The anls_score function can also return a dictionary containing aggregated ANLS* scores for dictionary keys in the ground truth and prediction. This is useful for gaining insights into what parts of the predictions are correct and what parts are incorrect. To use this feature, set the return_key_scores argument to True.

Here's an example that demonstrates the use of return_key_scores:

from anls_star import anls_score

gt = {
    "a": "Hello",
    "b": [{"l1": "aa", "l2": "b"}, {"l1": "c", "l2": "d"}],
    "c": "Test",
    "second_order": {
        "name": "Fluffy",
        "age": "3",
        "items": [{"id": "1", "value": "12.3"}, {"id": "2", "value": "13.4"}],
    },
}
pred = {
    "a": "Helloo",
    "b": [{"l1": "a", "l2": "q"}, {"l1": "c", "l2": "d"}],
    "second_order": {
        "name": "Fluffy",
        "age": "31",
        "items": [{"id": "1", "value": "12.1"}, {"id": "3", "value": "13.4"}],
    },
}

anls, key_scores = anls_score(gt, pred, return_key_scores=True)
print("Key scores:")
print(key_scores)

This would output:

Key scores:
{
    'a': ScoreNode(anls_score=0.8333333333333334),
    'b': ScoreNode(
        anls_score=0.4166666666666667,
        children={
            'l1': ScoreNode(anls_score=0.75),
            'l2': ScoreNode(anls_score=0.5),
        }
    ),
    'c': ScoreNode(anls_score=0.0),
    'second_order': ScoreNode(
        anls_score=0.7083333333333334,
        children={
            'age': ScoreNode(anls_score=0.5),
            'items': ScoreNode(
                anls_score=0.6875,
                children={
                    'id': ScoreNode(anls_score=0.5),
                    'value': ScoreNode(anls_score=0.875),
                }
            ),
            'name': ScoreNode(anls_score=1.0),
        }
    ),
}

The key_scores dictionary contains ScoreNode objects, which have anls_score and children attributes. The anls_score attribute represents the ANLS* score for that specific key, while the children attribute contains nested dictionaries of the same structure for nested keys.
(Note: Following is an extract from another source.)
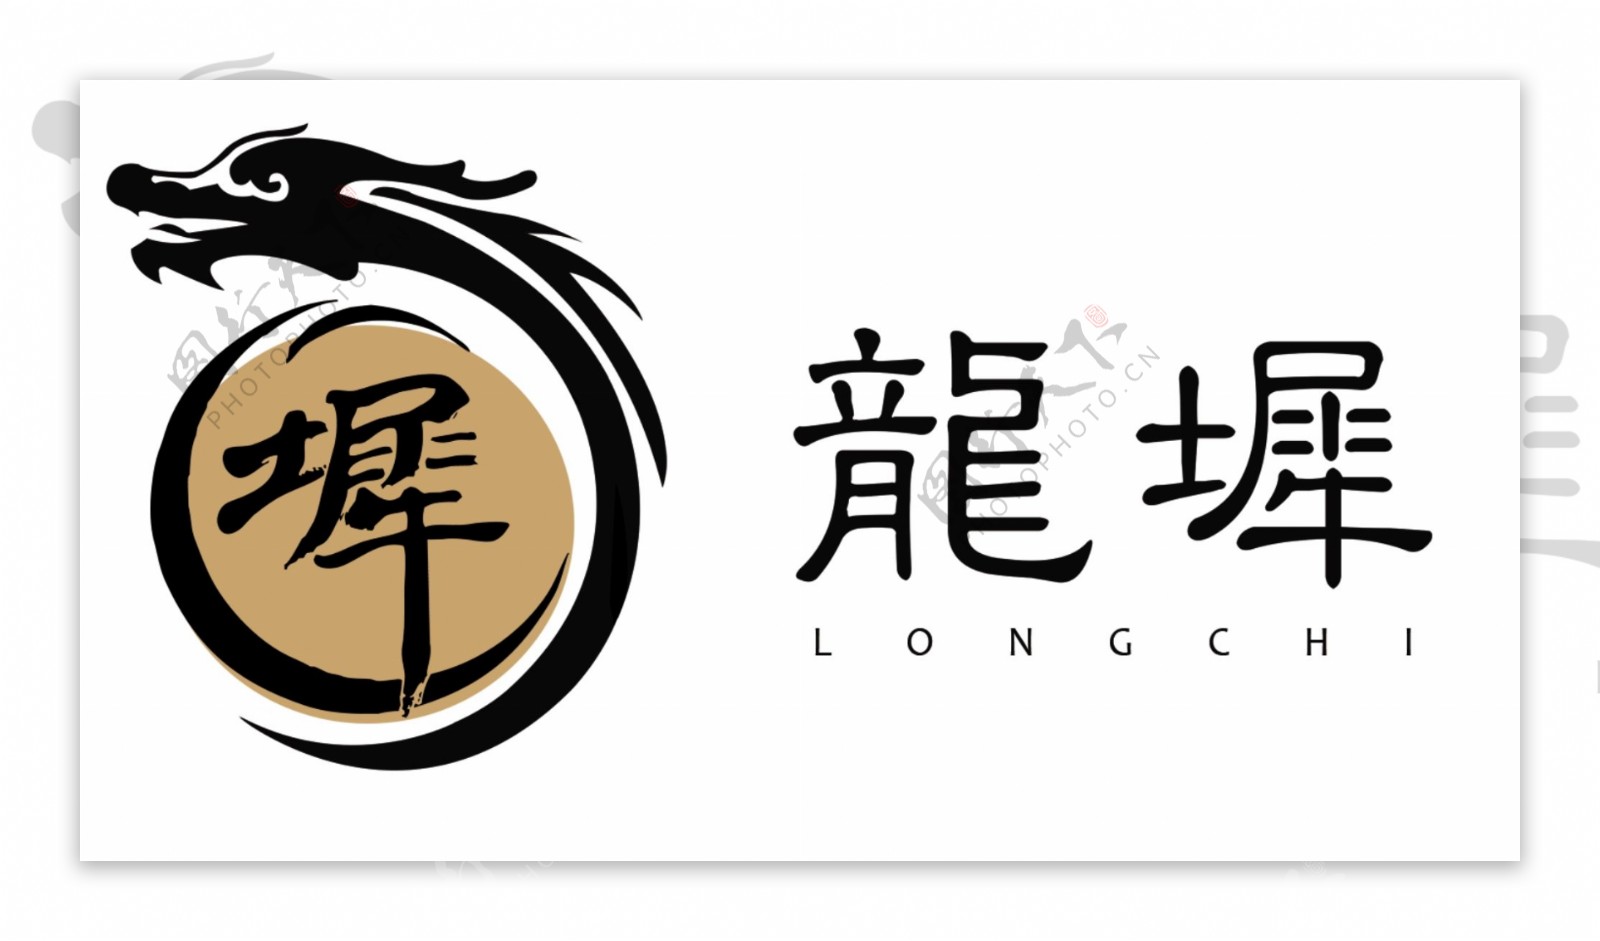 龙犀logo图片

This detailed breakdown allows you to identify which parts of the prediction are accurate and which parts need improvement, providing valuable insights for error analysis and model refinement.
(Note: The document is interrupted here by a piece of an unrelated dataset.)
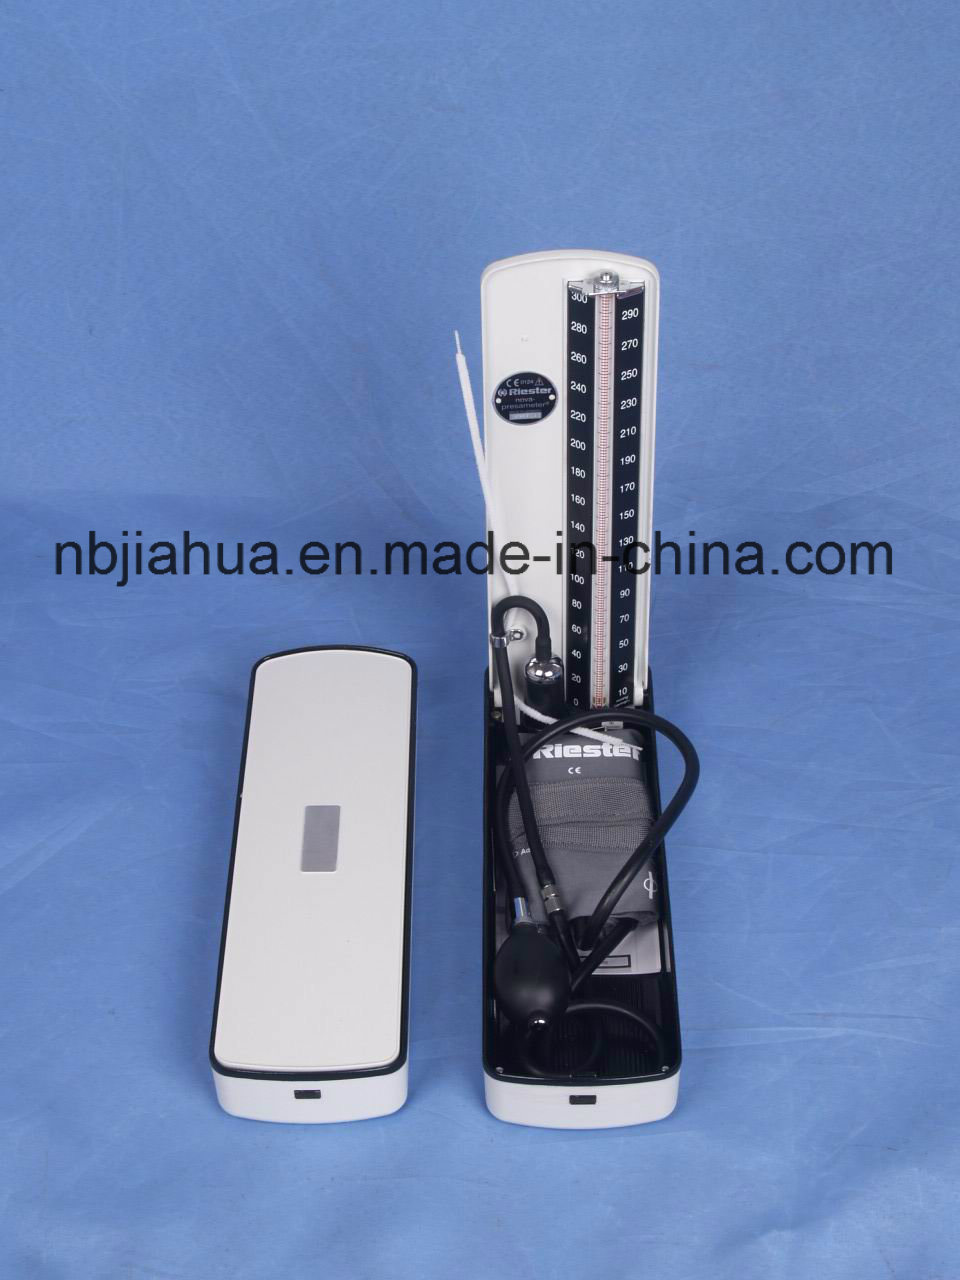 China Manufacturer Medical Normal Sphygmomanometer

The return_key_scores and return_gt arguments can be used together to get both the closest match and key scores in a single call to anls_score, in which case the return will be (score, closest_gt, key_scores).

Supported Types

Simply copy this file to your project and import the anls_score function from it. Then call the function with the ground truth and the predictions.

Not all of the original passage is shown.